Also the figure half-hidden by the
cupboard-door--was a female figure, massive, and in flowing robes,
Could it be the landlady? The door opened, and a strange man entered
the room.
"What is that donkey doing?" he said to himself, pausing, aghast,
on the threshold.
The lady, thus rudely referred to, was his wife. She had got one of
the cupboards open, and stood with her back to him, smoothing down a
sheet of brown paper on one of the shelves, and whispering to herself
"So, so! Deftly done! Craftily contrived!"
Her loving husband stole behind her on tiptoe, and tapped her on the
head. "Boh!" he playfully shouted at her ear. "Never tell me again I
ca'n't say 'boh' to a goose!"
My Lady wrung her hands. "Discovered!" she groaned. "Yet no--he is
one of us! Reveal it not, oh Man! Let it bide its time!"

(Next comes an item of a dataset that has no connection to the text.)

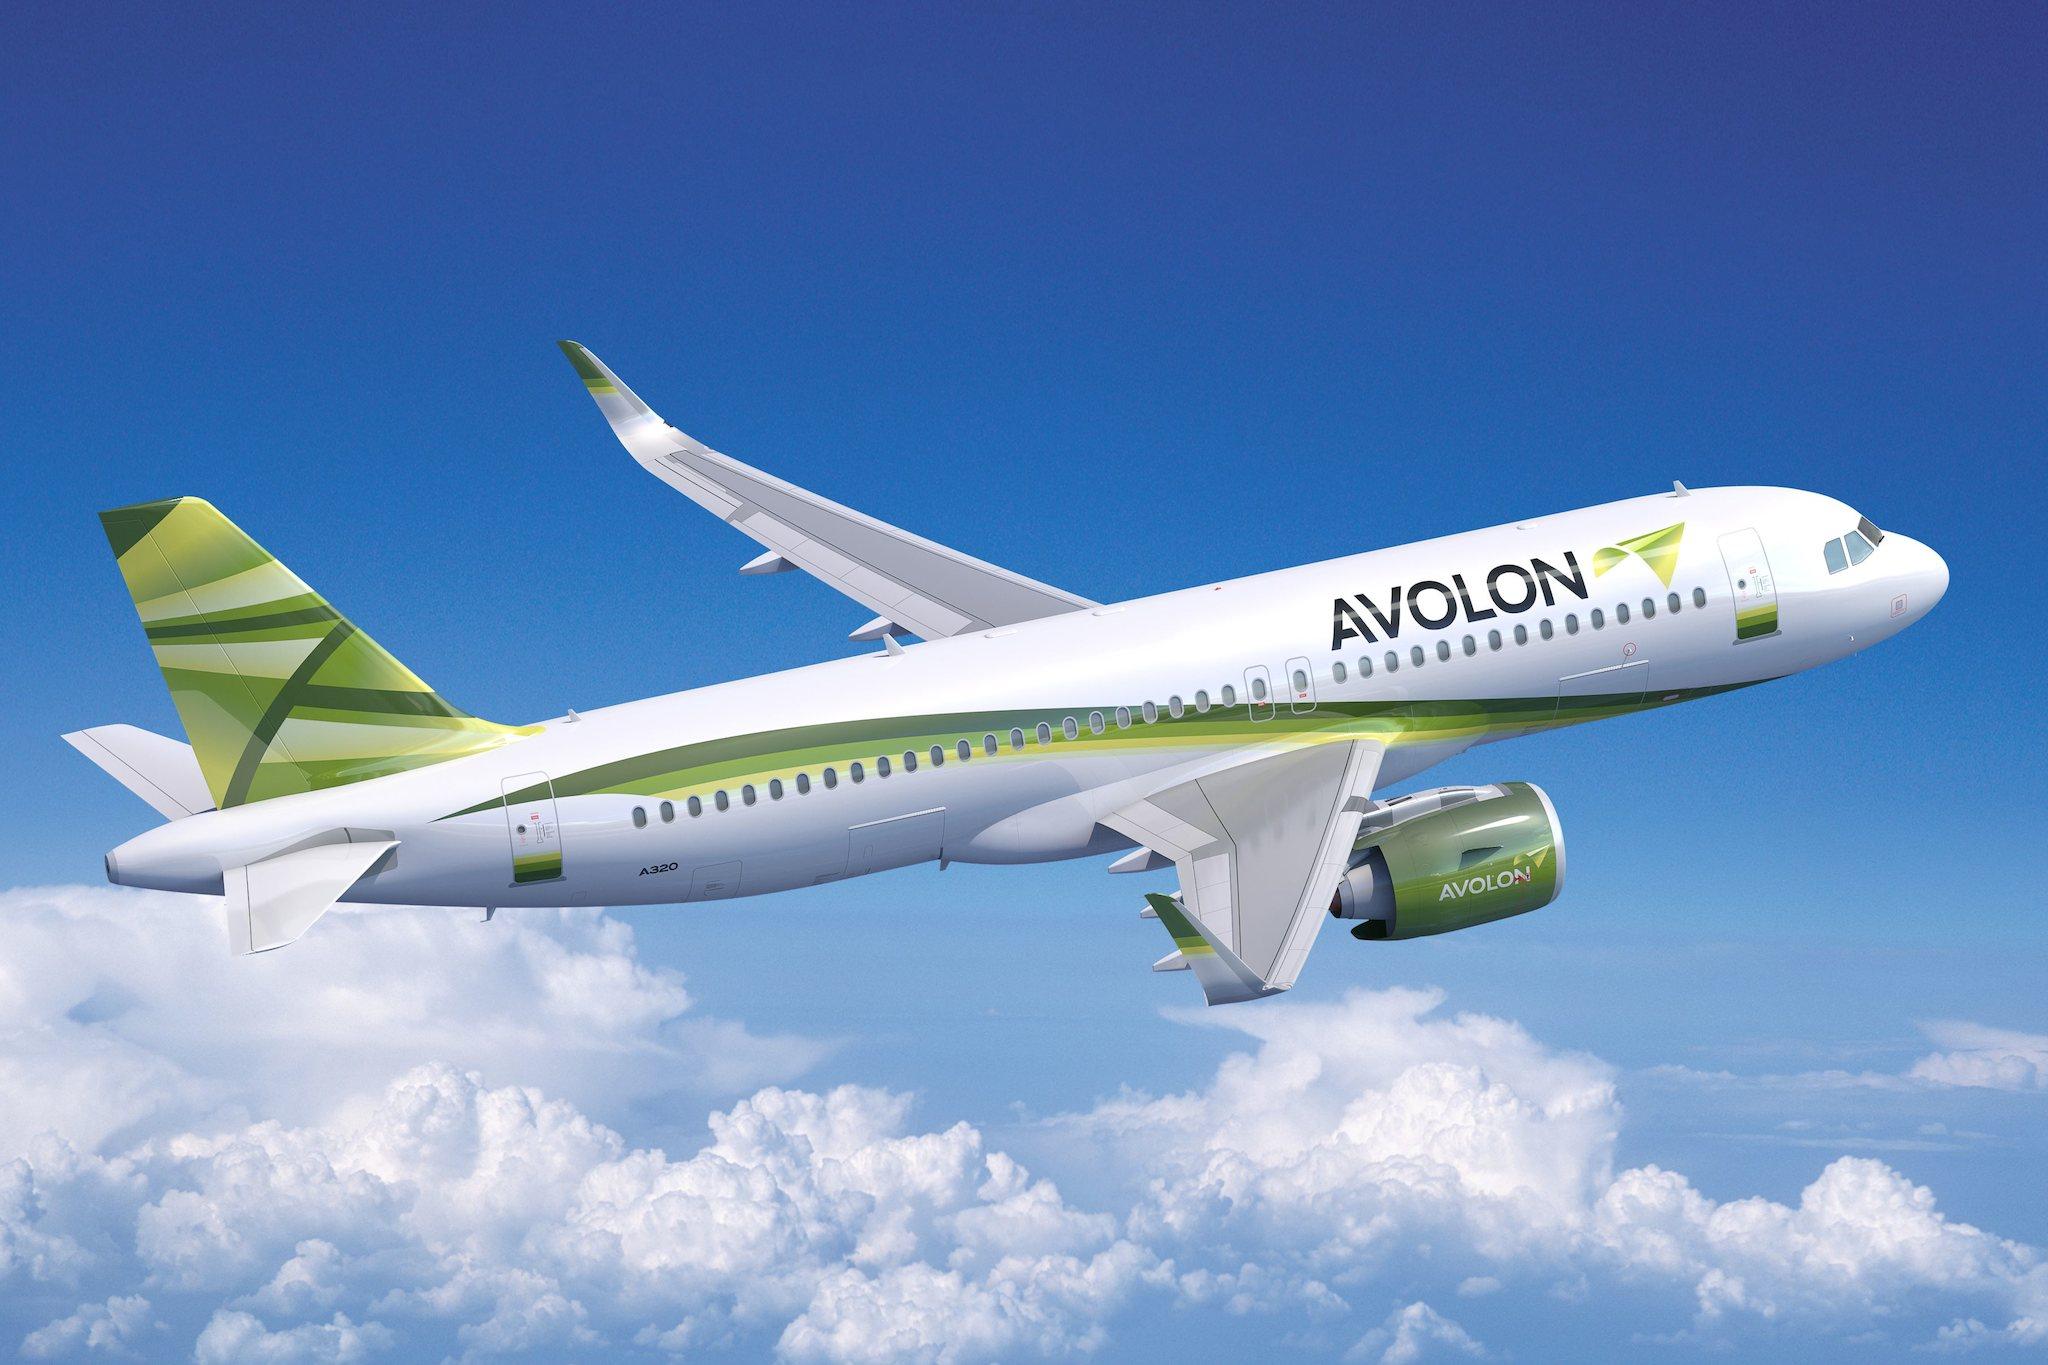 Airbus A320neo Avolon

"Reveal what not?" her husband testily replied, dragging out the sheet
of brown paper. "What are you hiding here, my Lady? I insist upon
knowing!"
My Lady cast down her eyes, and spoke in the littlest of little voices.
"Don't make fun of it, Benjamin!" she pleaded. "It's--it's---don't
you understand? It's a DAGGER!"
"And what's that for?" sneered His Excellency. "We've only got to make
people think he's dead! We haven't got to kill him! And made of tin,
too!" he snarled, contemptuously bending the blade round his thumb.
Now, Madam, you'll be good enough to explain. First, what do you call
me Benjamin for?"
"It's part of the Conspiracy, Love! One must have an alias, you know--"
"Oh, an alias, is it? Well! And next, what did you get this dagger for?
Come, no evasions! You ca'n't deceive me!"
"I got it for--for--for--" the detected Conspirator stammered,
trying her best to put on the assassin-expression that she had been
practising at the looking-glass.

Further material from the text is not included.